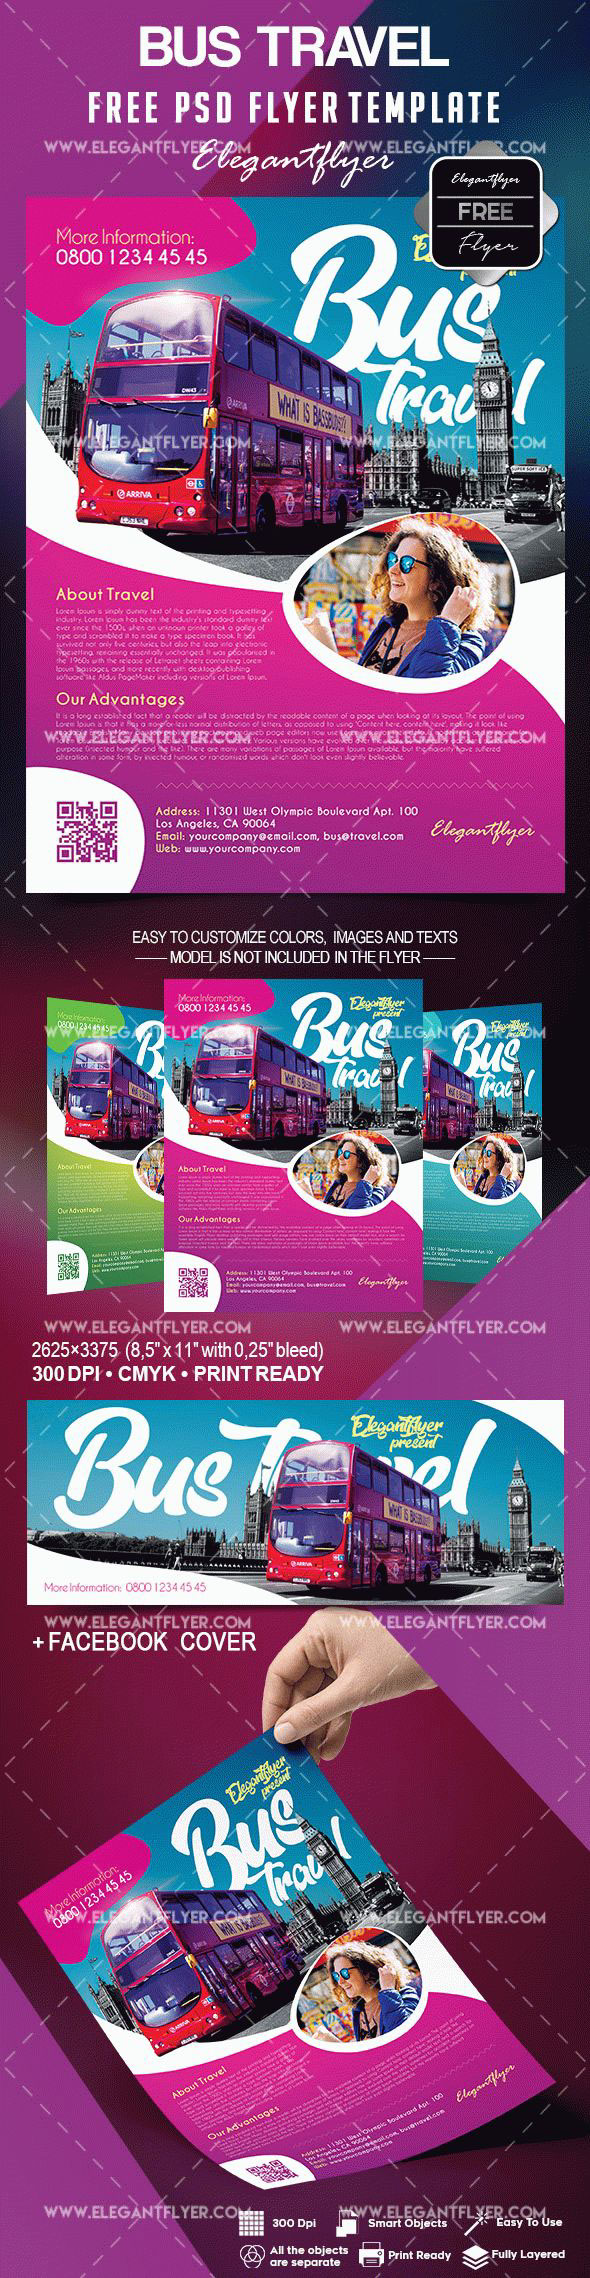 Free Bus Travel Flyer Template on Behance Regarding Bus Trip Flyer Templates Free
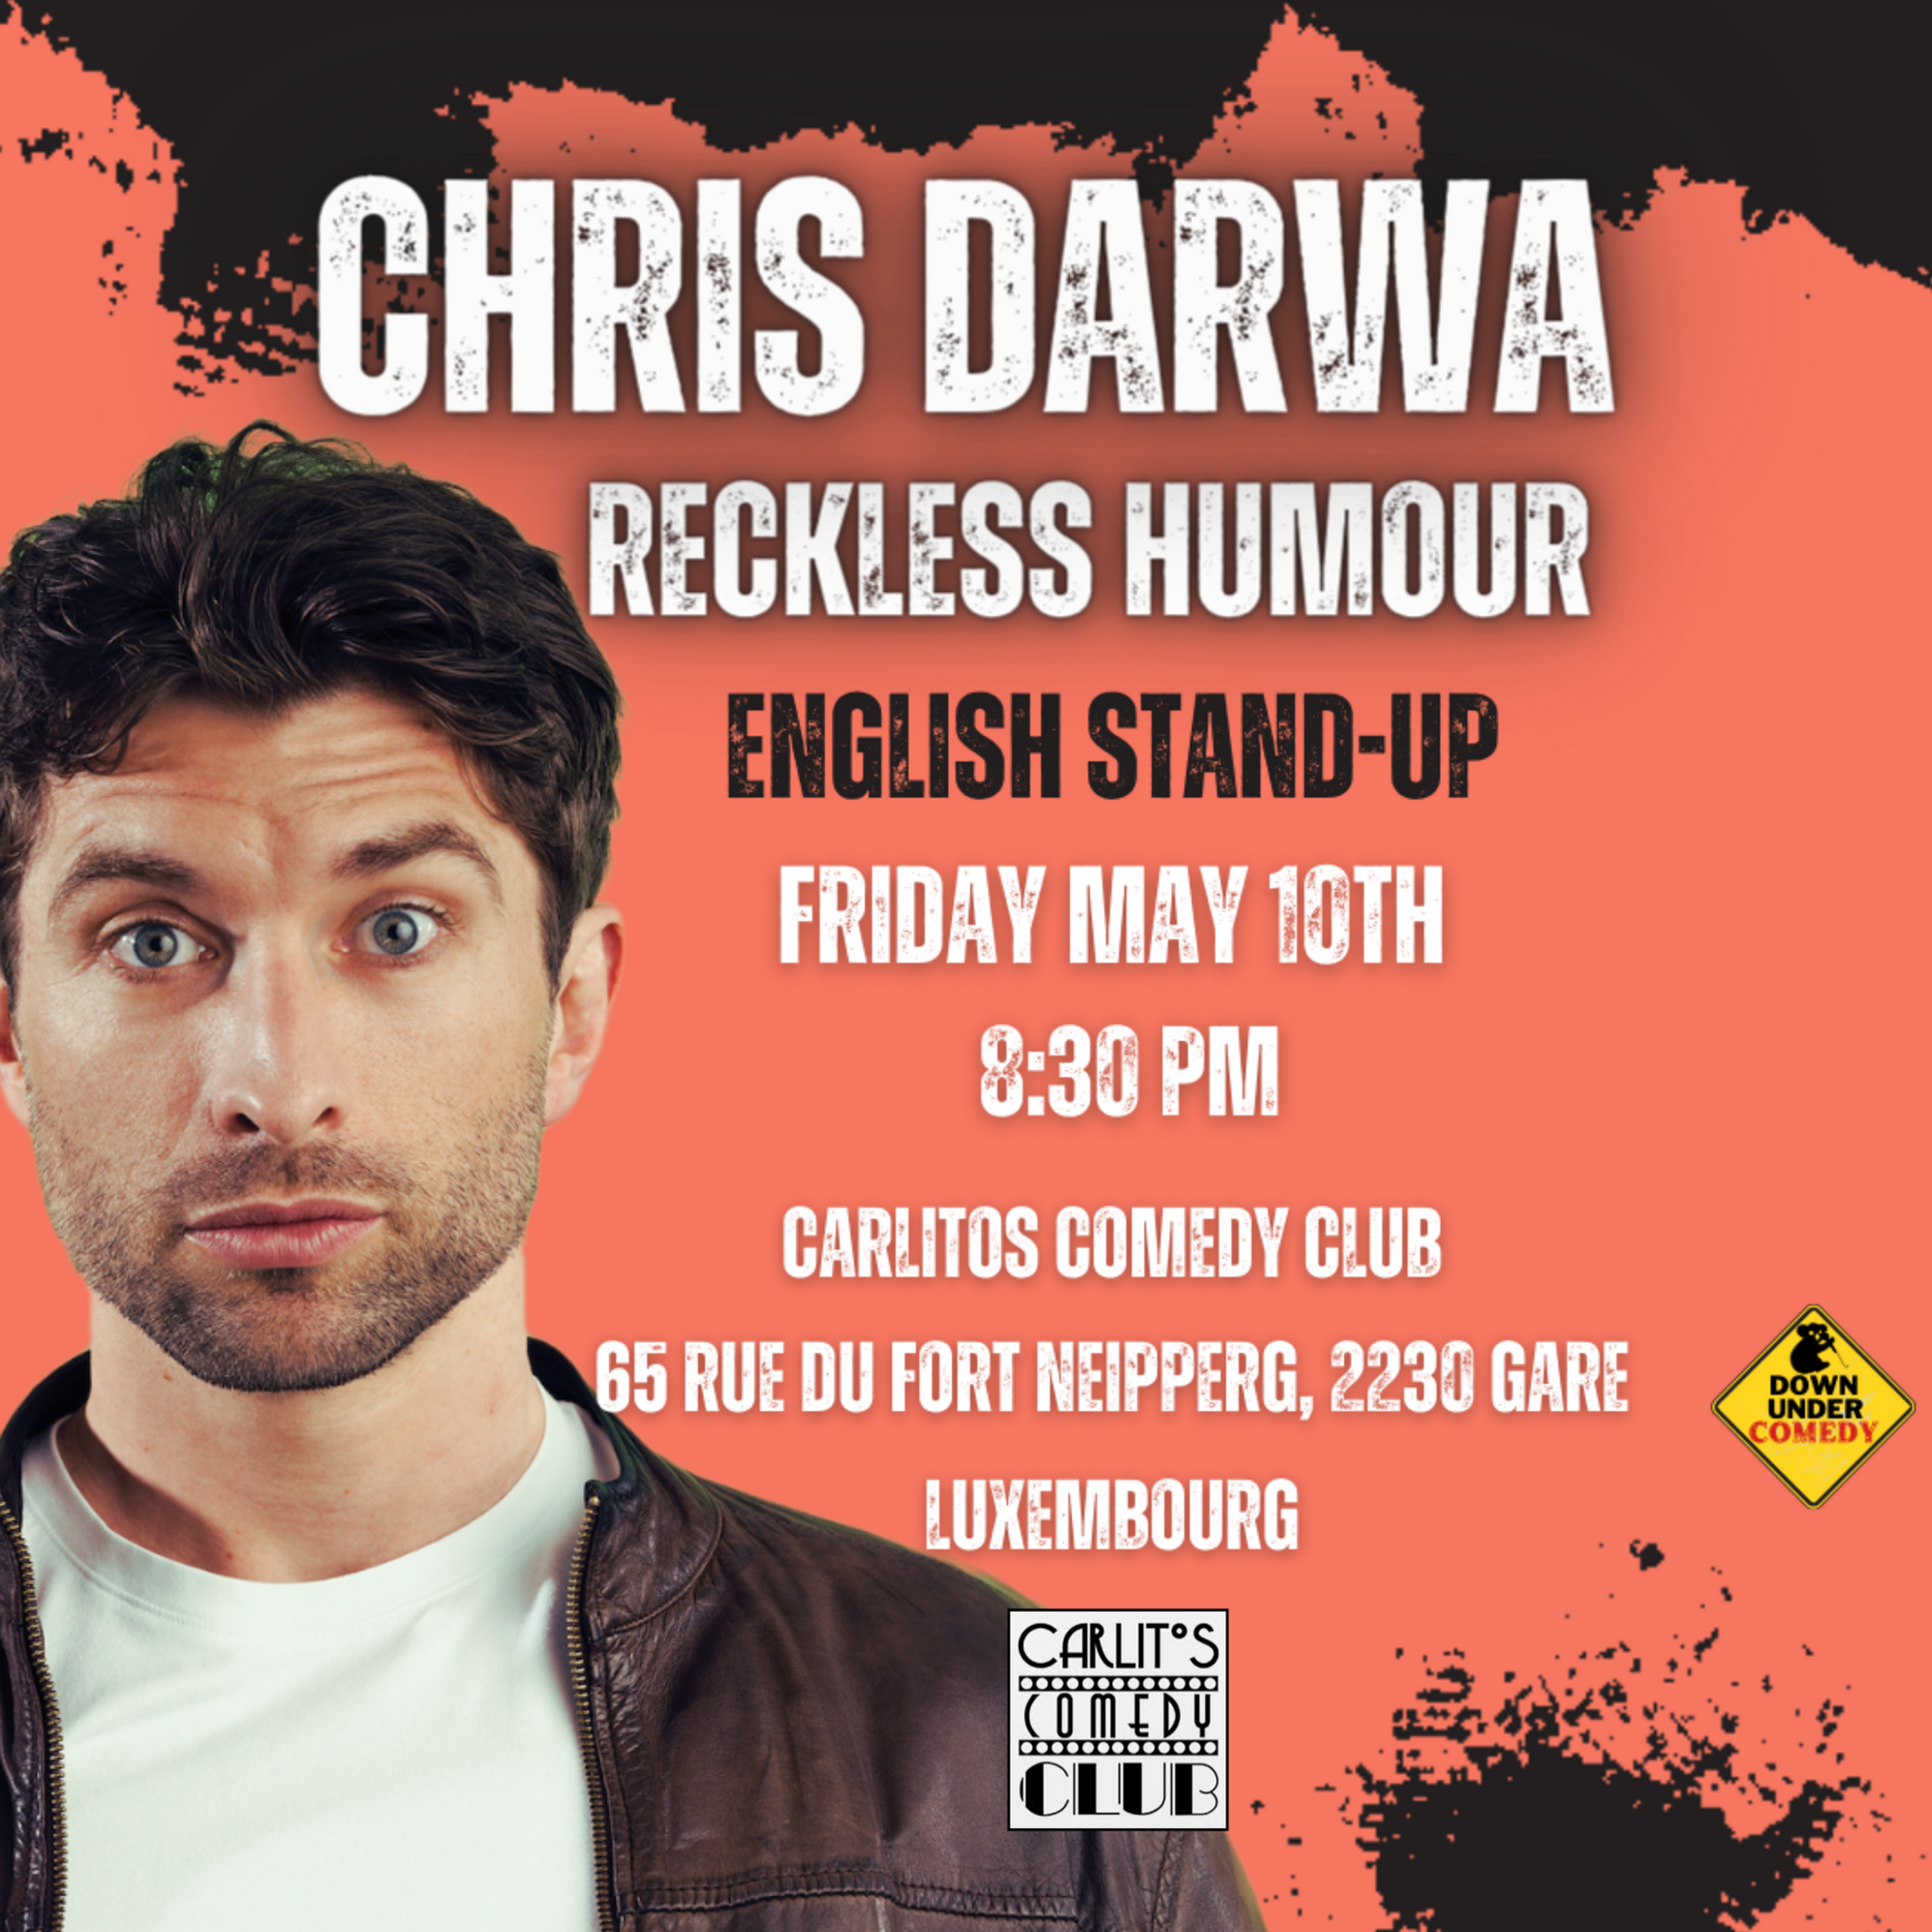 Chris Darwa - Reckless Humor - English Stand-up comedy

________________________________________

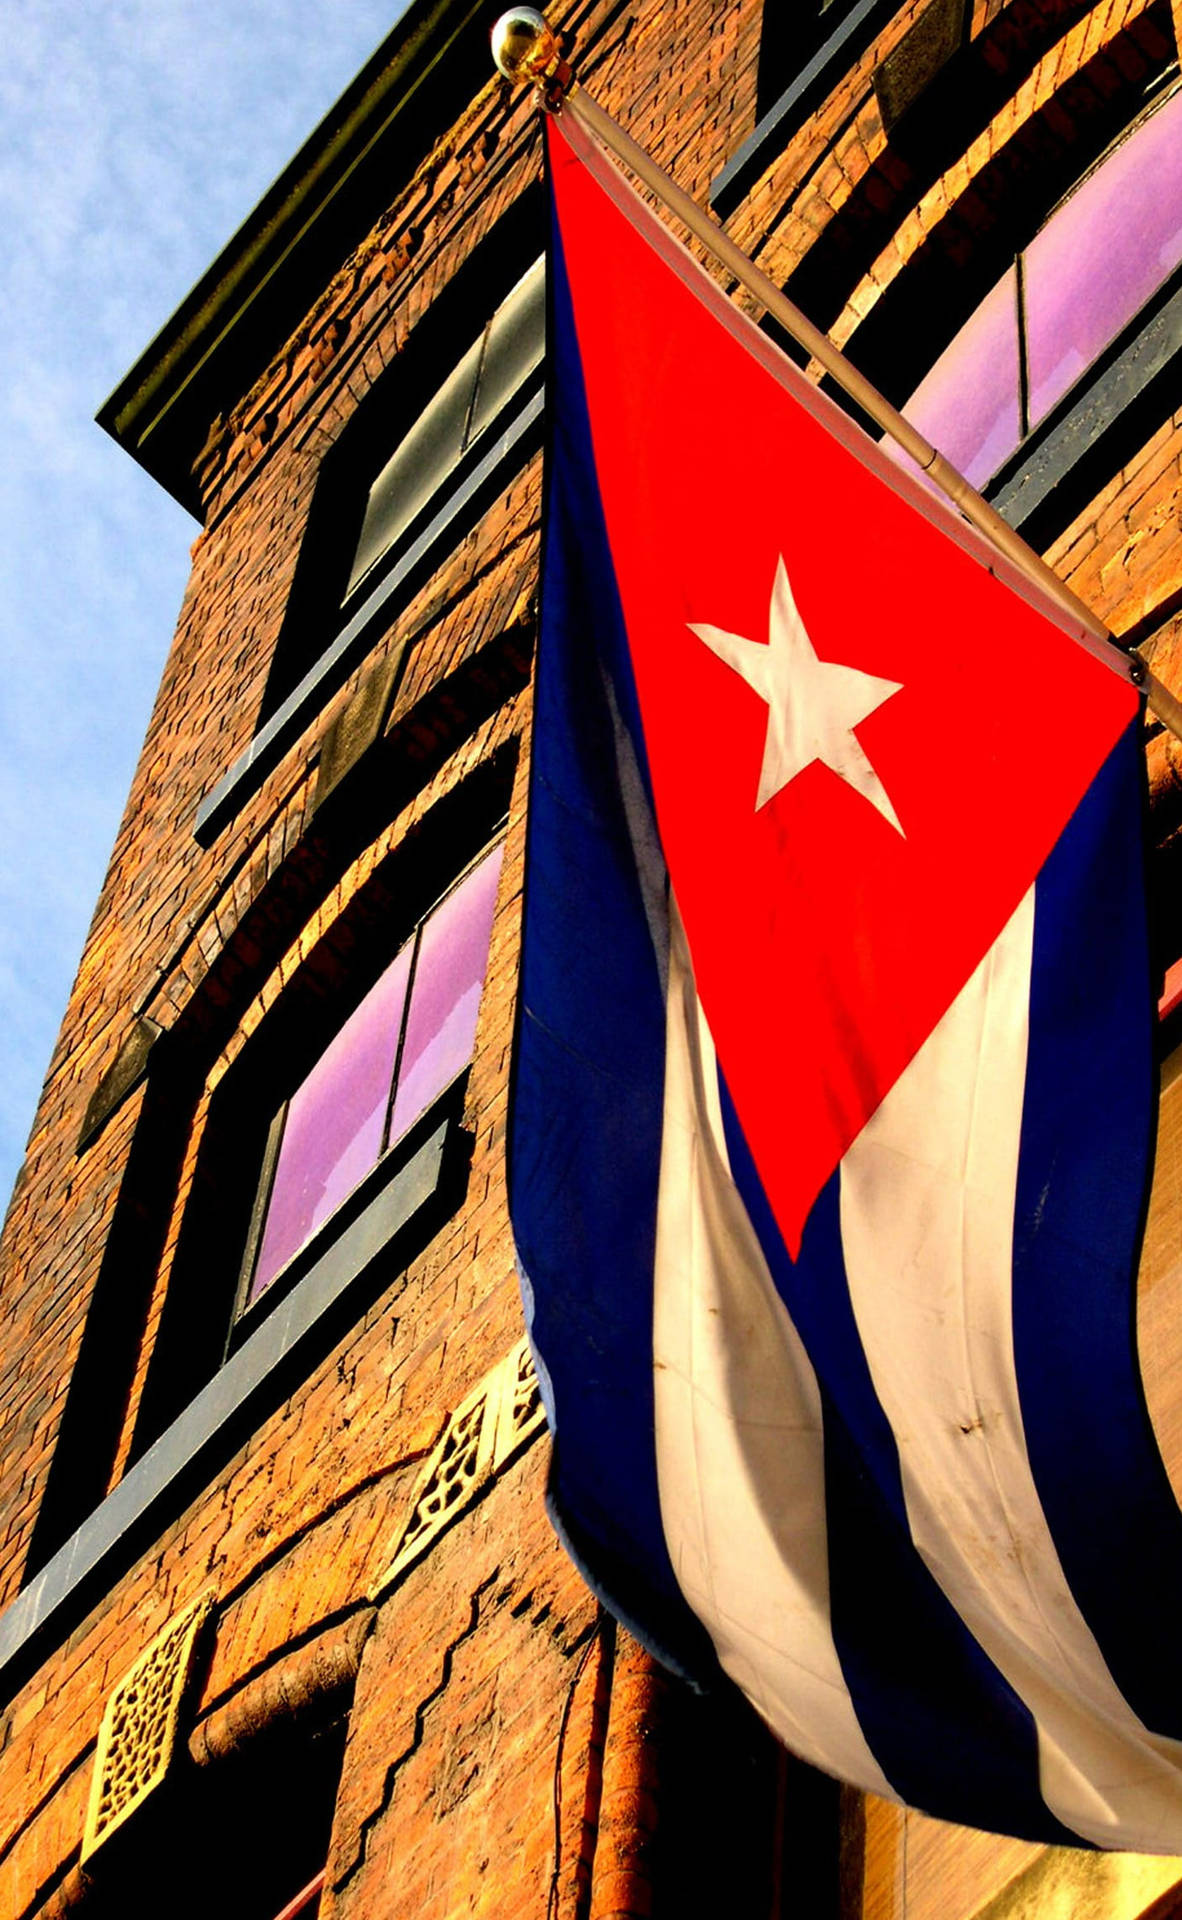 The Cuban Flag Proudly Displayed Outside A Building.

________________________________________

EXERCISE INSTRUCTIONS ▸
The expected output is the lines above from the one containing "Free Bus Travel" to the one containing "Chris Darwa - Reckless", both ends included, reproduced exactly with every picture left out.

RESULT FOR THIS EXERCISE ▸
 Free Bus Travel Flyer Template on Behance Regarding Bus Trip Flyer Templates Free
 Chris Darwa - Reckless Humor - English Stand-up comedy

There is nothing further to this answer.